Activist reflects on civil rights movement experience

Diane NashDiane Nash, center, and others march to City Hall in Nashville, Tenn., in 1960.

American civil rights activist Diane Nash — who led the first successful campaign to desegregate lunch counters, was a part of the Selma voting rights movement and co-founded the Student Nonviolent Coordinating Committee — shared her personal experiences with racism and her integral efforts in the civil rights movement on Tuesday, March 7.

Nash was first exposed to the full extent of overt, state-sponsored racial segregation as a college student at Fisk University in Nashville, Tennessee, she said. During the fall of 1959, Nash said she was shocked into the reality of Jim Crow laws in the south. Originally from the south side of Chicago, she said she was always aware segregation existed but did not know its severity until she moved to the south. 

“When I obeyed segregation rules, it felt like I was agreeing that I was too inferior to go through front doors or [to] restaurants, swimming pools and other public accommodations,” Nash said.

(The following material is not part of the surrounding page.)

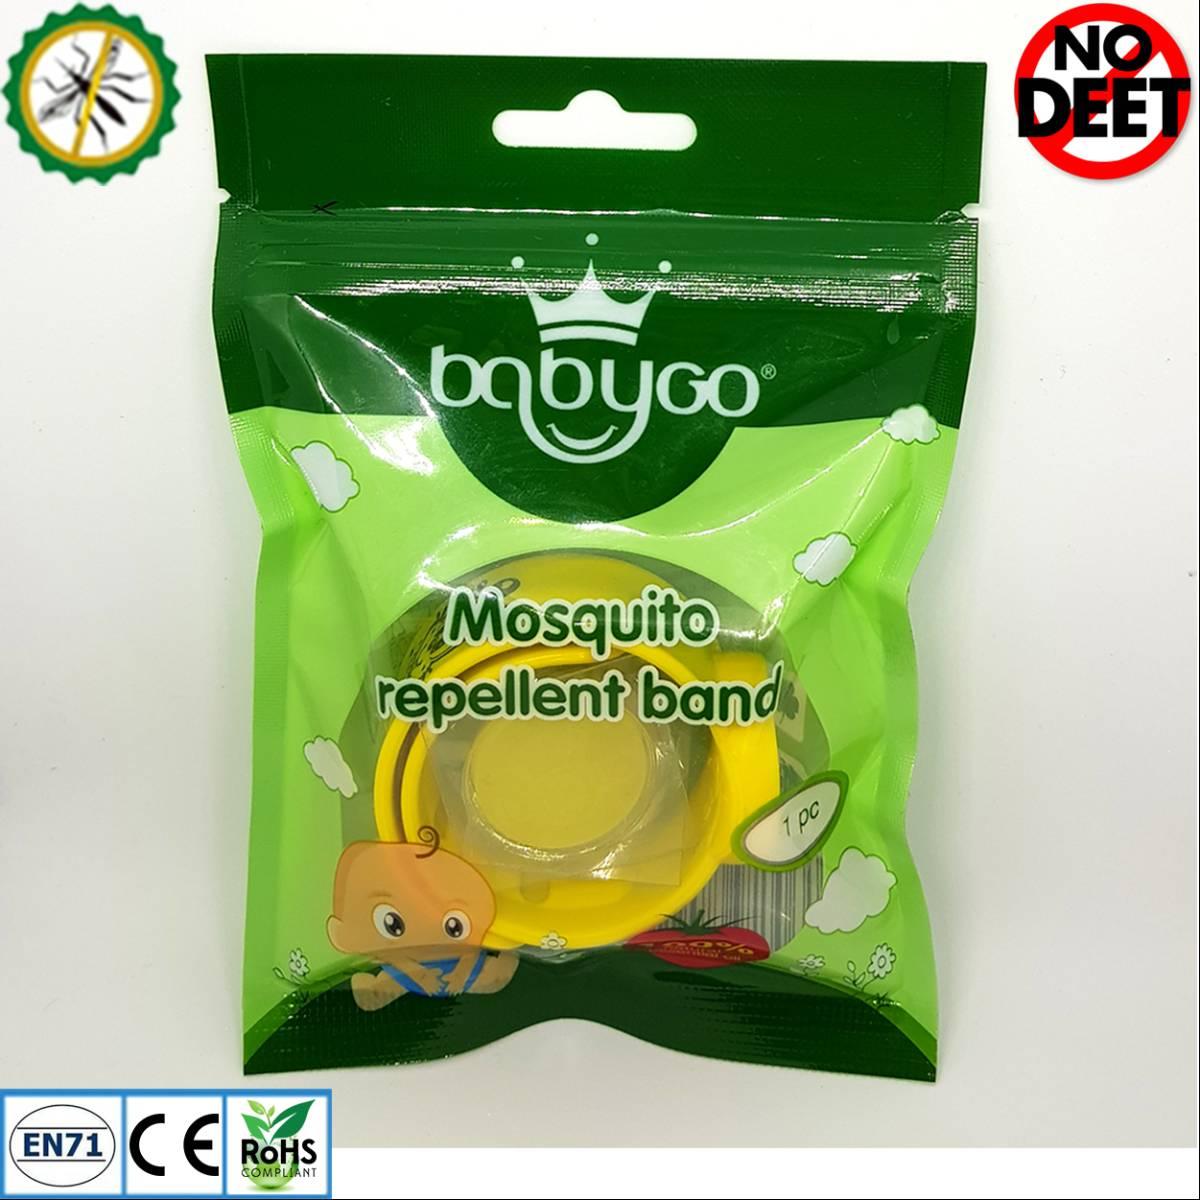 Babygo Slap Mosquito Repellent Bracelet Yellow (gelang Anti Nyamuk Anak)1
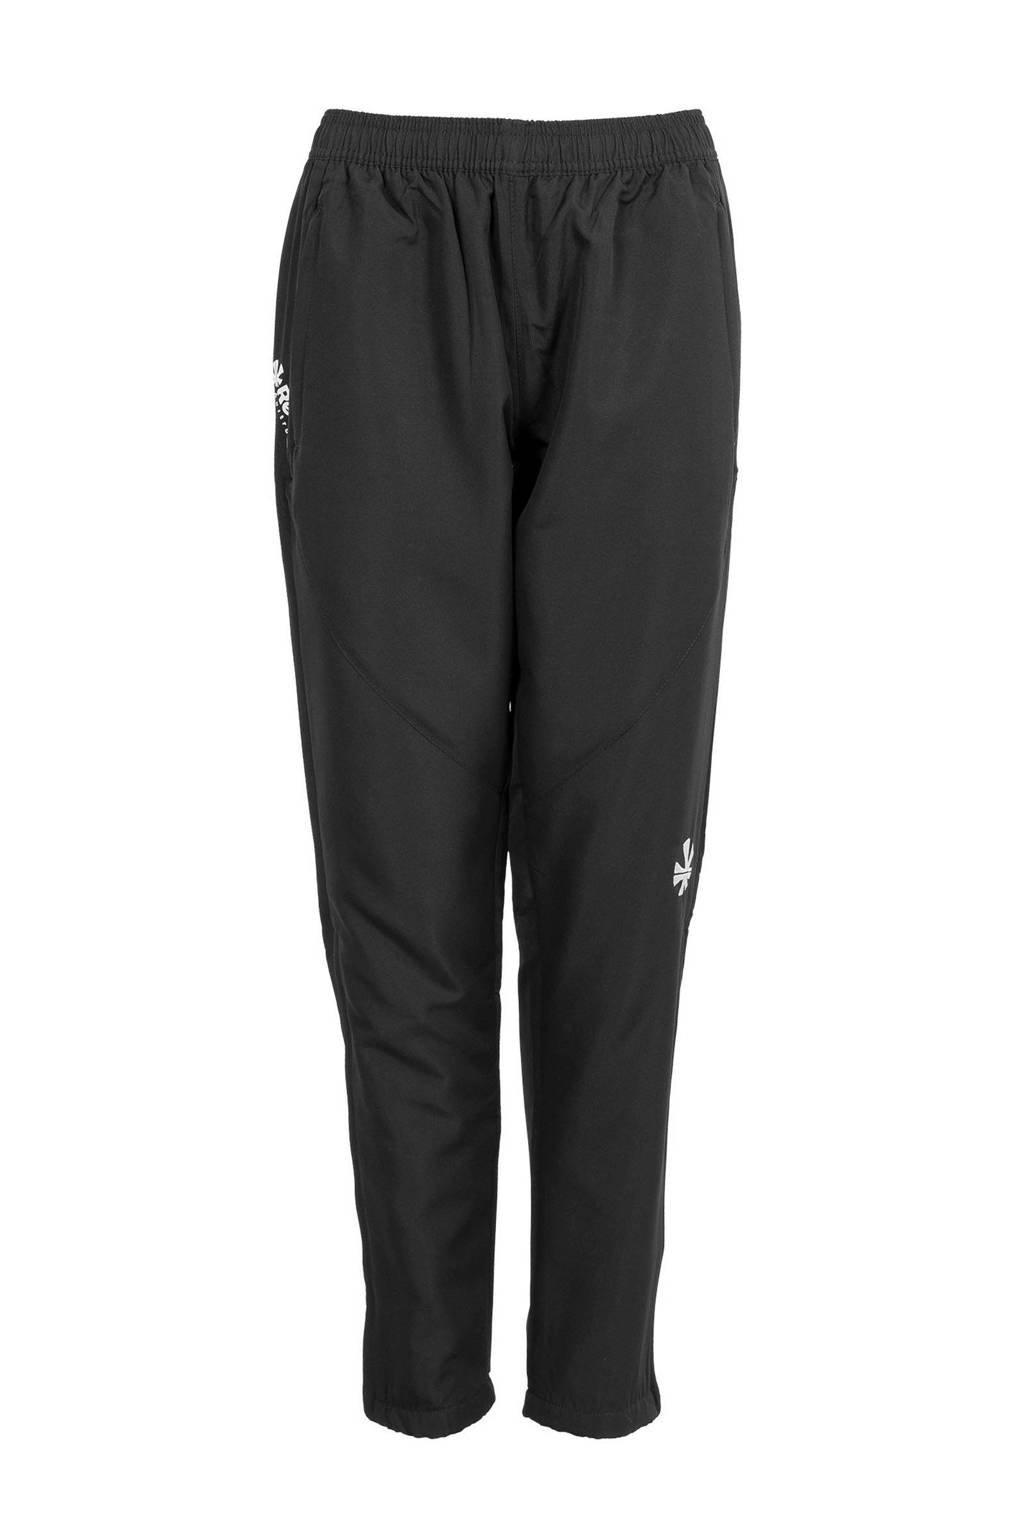 Reece Australia sportbroek Varsity zwart, Zwart

In downtown Nashville, African Americans could only purchase food in restaurants on a take-out basis, she said. When she walked down the streets during lunchtime, African Americans lined the curbs and alleys, eating the lunches they brought from home or bought as take-out, she added.

Nash said she was dissatisfied with the word “nonviolence” as it pertains to the civil rights movements of the 1960s.

“Nonviolence means absence of violence,” she said. “[I] wanted a term that encompassed more than the absence of violence.”

Nash’s dissatisfaction led her to coin the phrase “agapic energy,” meaning energy produced by a love for humankind. Inspired by Mohandas Gandhi’s way of observing love energy, as well as the Greek word “agape” — which means brotherly love or a love of humankind — Nash said agapic energy was an improvement on the term nonviolence.

“Agapic energy is not passive — it’s active,” she said. “Users are not pacifists — we are activists.”